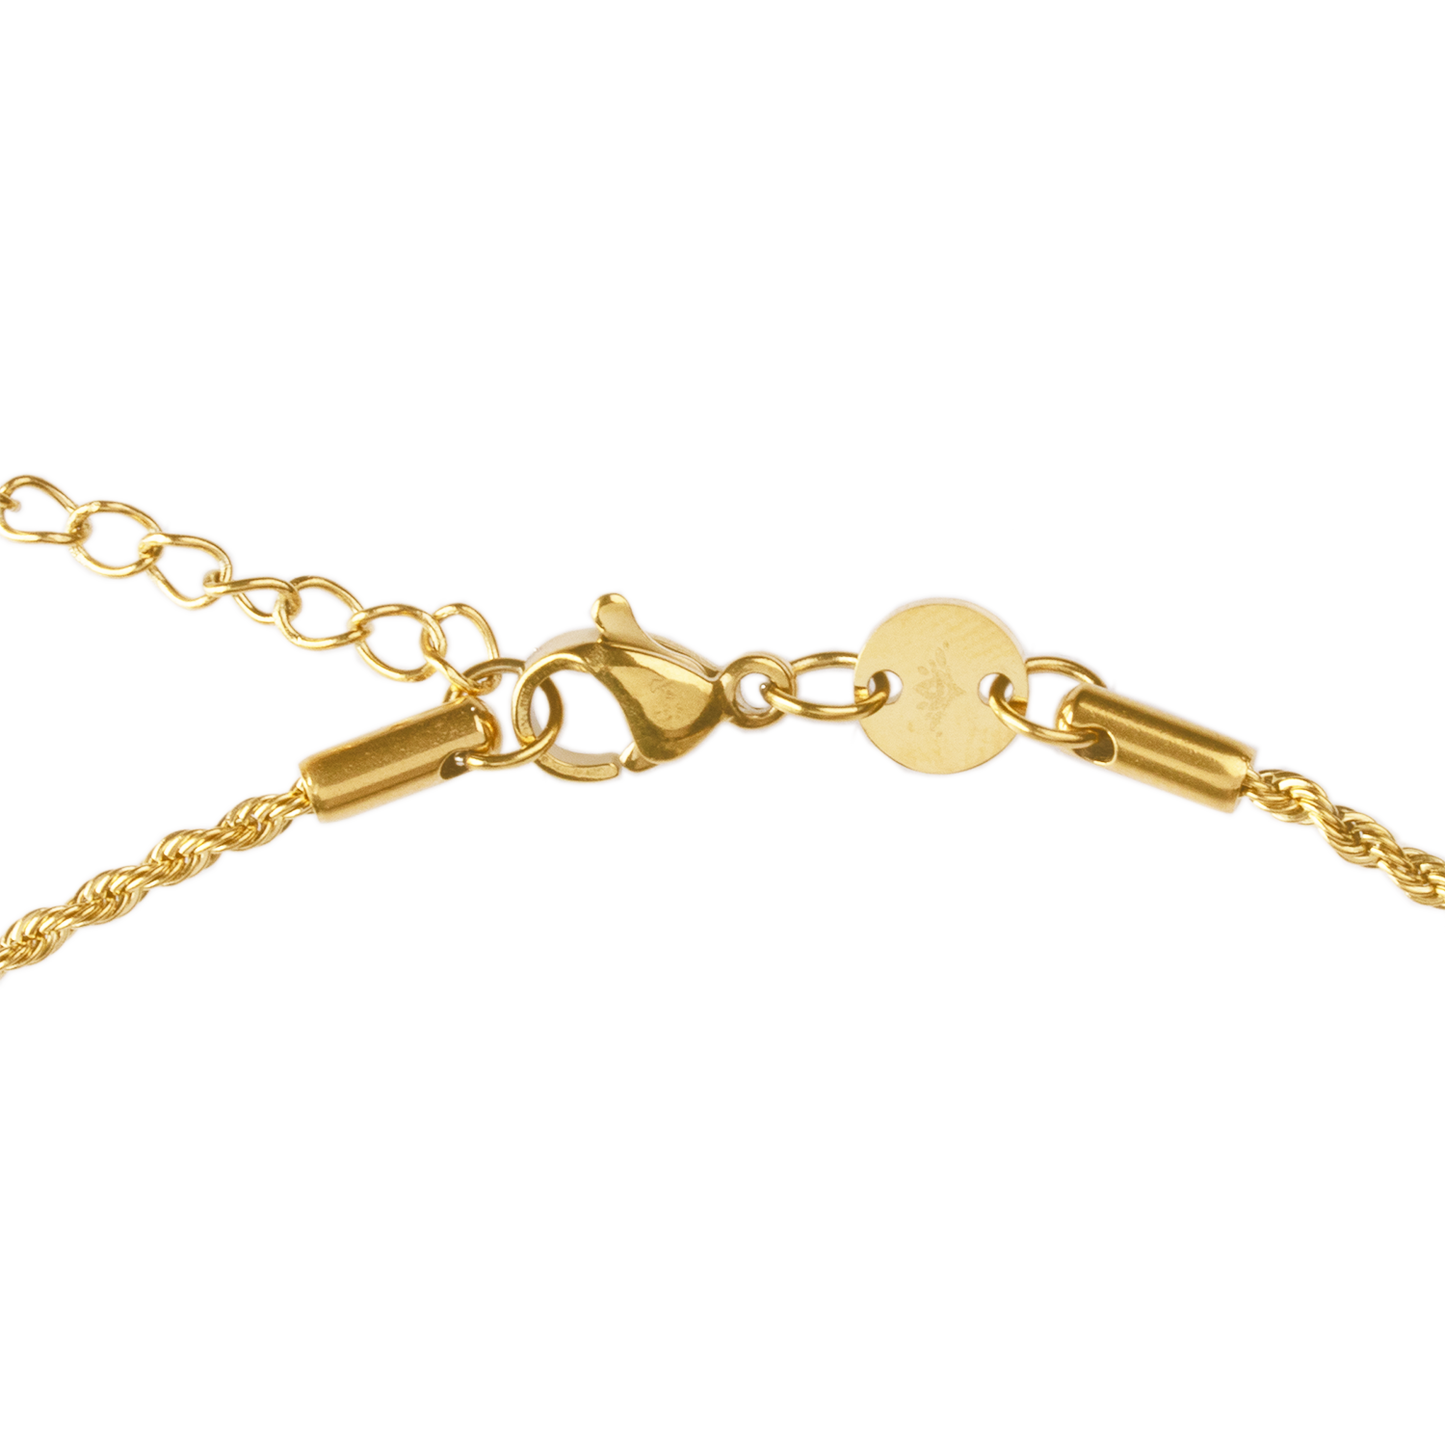 Aquarius / Wassermann Necklace Gold
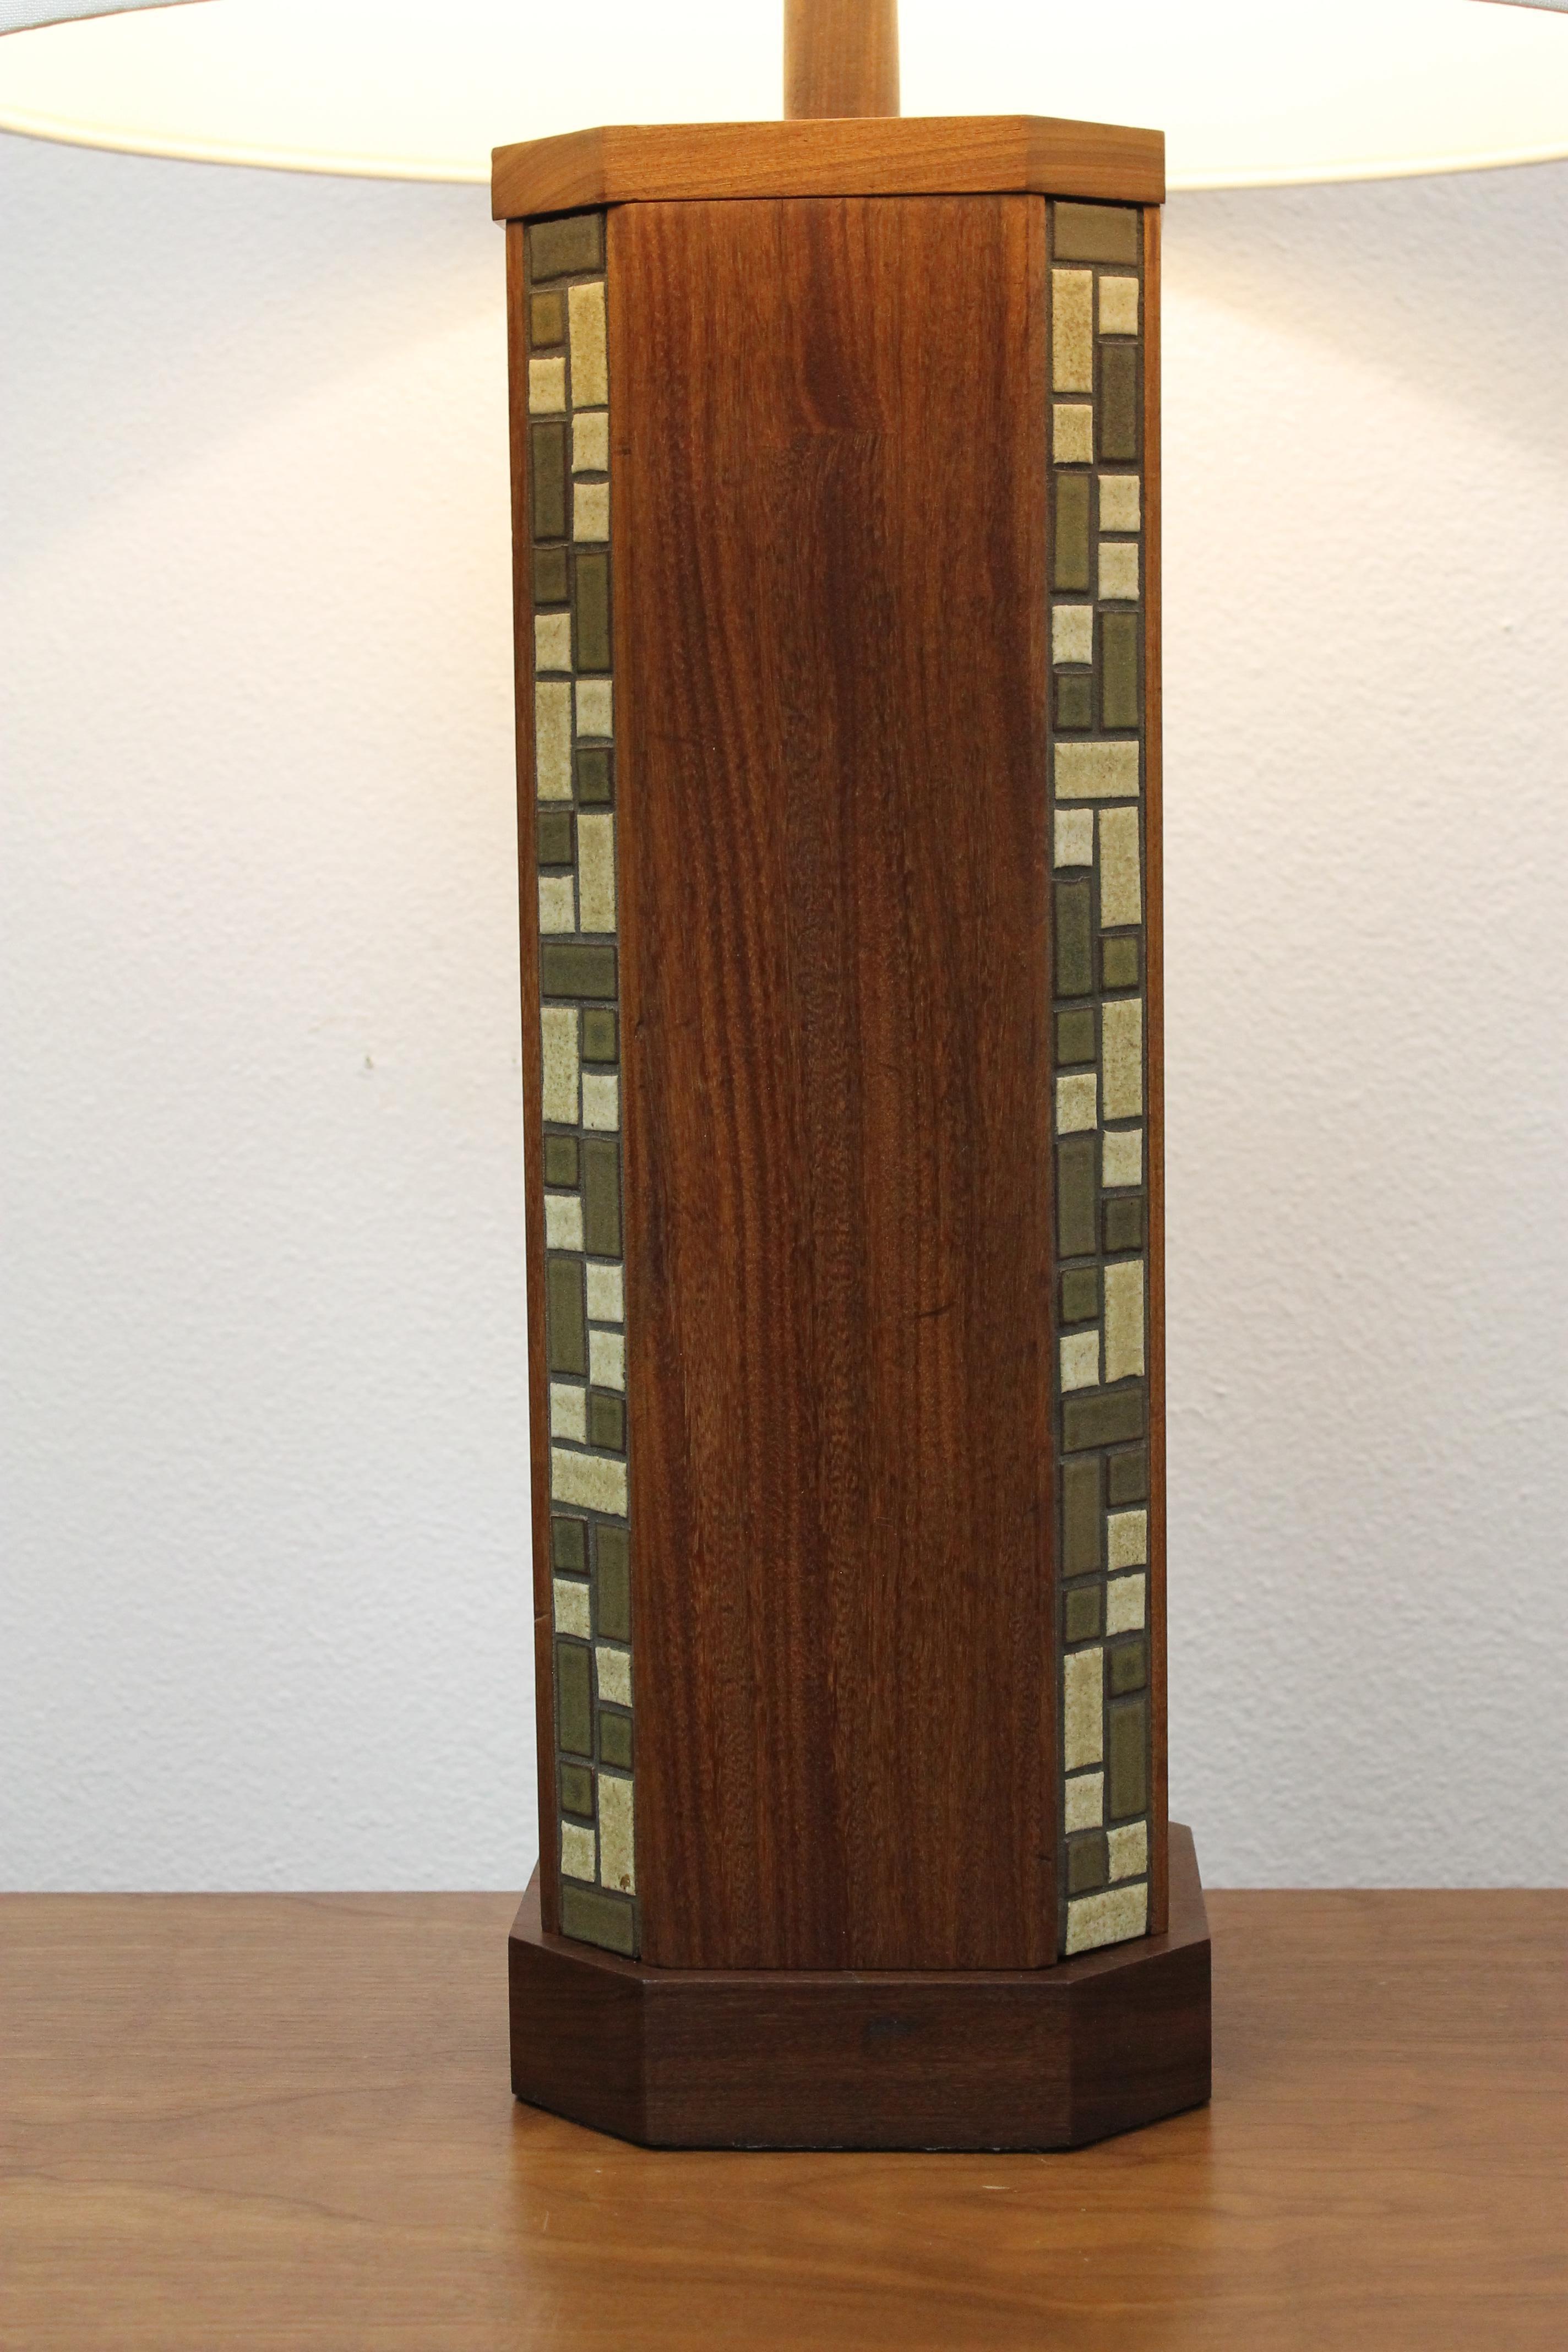 Martz table lamp by Marshall Studios, Inc. Veedersburg, Indiana. Lamp has 4 bands of ceramic tiles. Lamp is 7” wide, 7
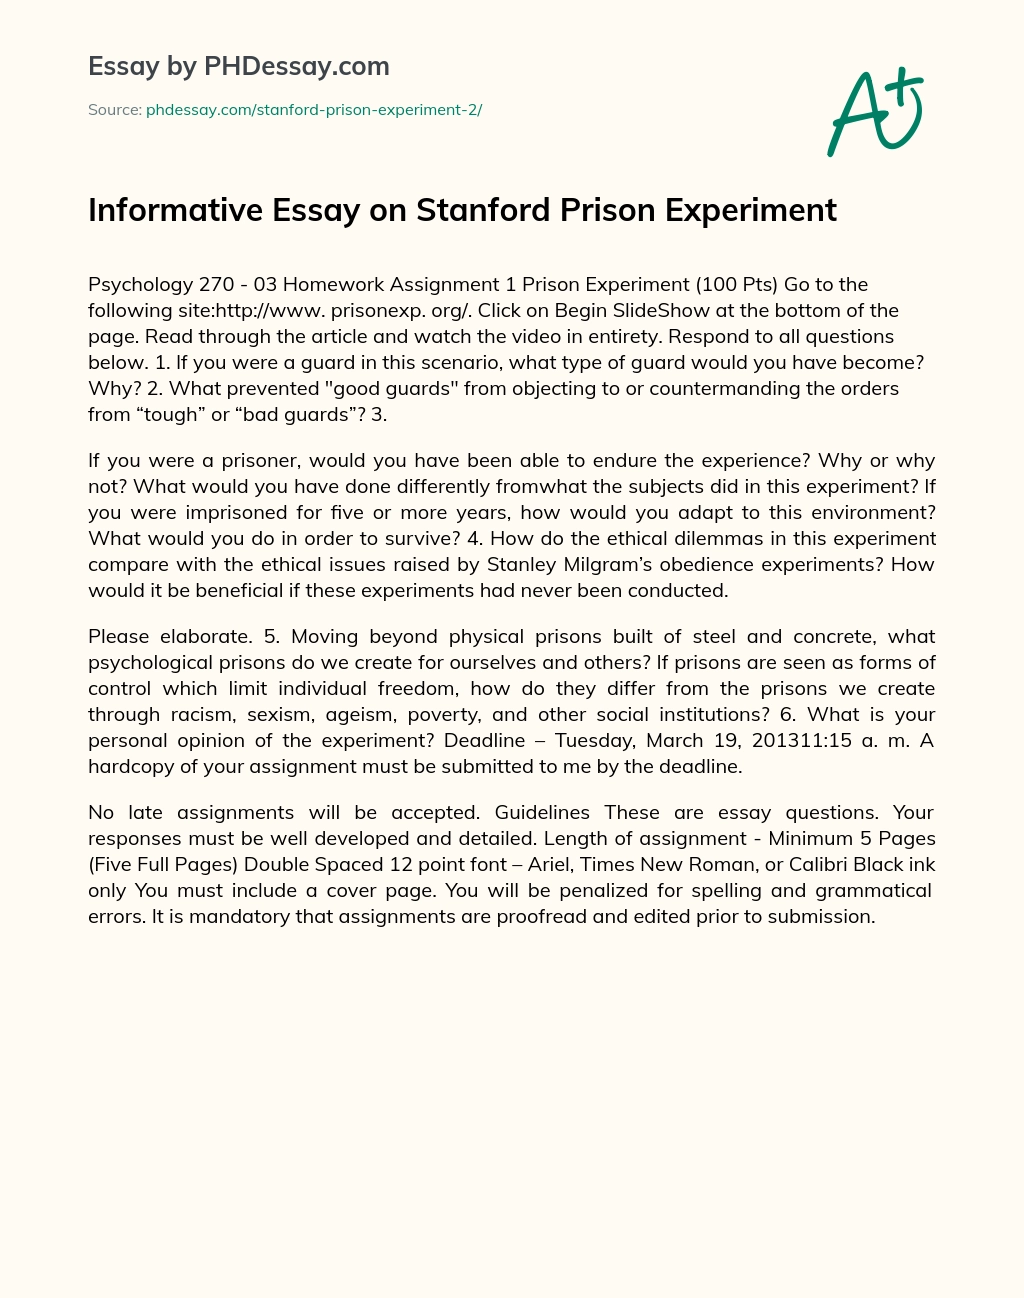 Informative Essay on Stanford Prison Experiment essay

• • • • • • •

▸ **Aim of the exercise**:
Reproduce the listing verbatim, and keep the pictures out of the copy.

▸ **Answer box**:
 Aquarius / Wassermann Necklace Gold
 Martz table lamp by Marshall Studios, Inc. Veedersburg, Indiana. Lamp has 4 bands of ceramic tiles. Lamp is 7” wide, 7
 Informative Essay on Stanford Prison Experiment essay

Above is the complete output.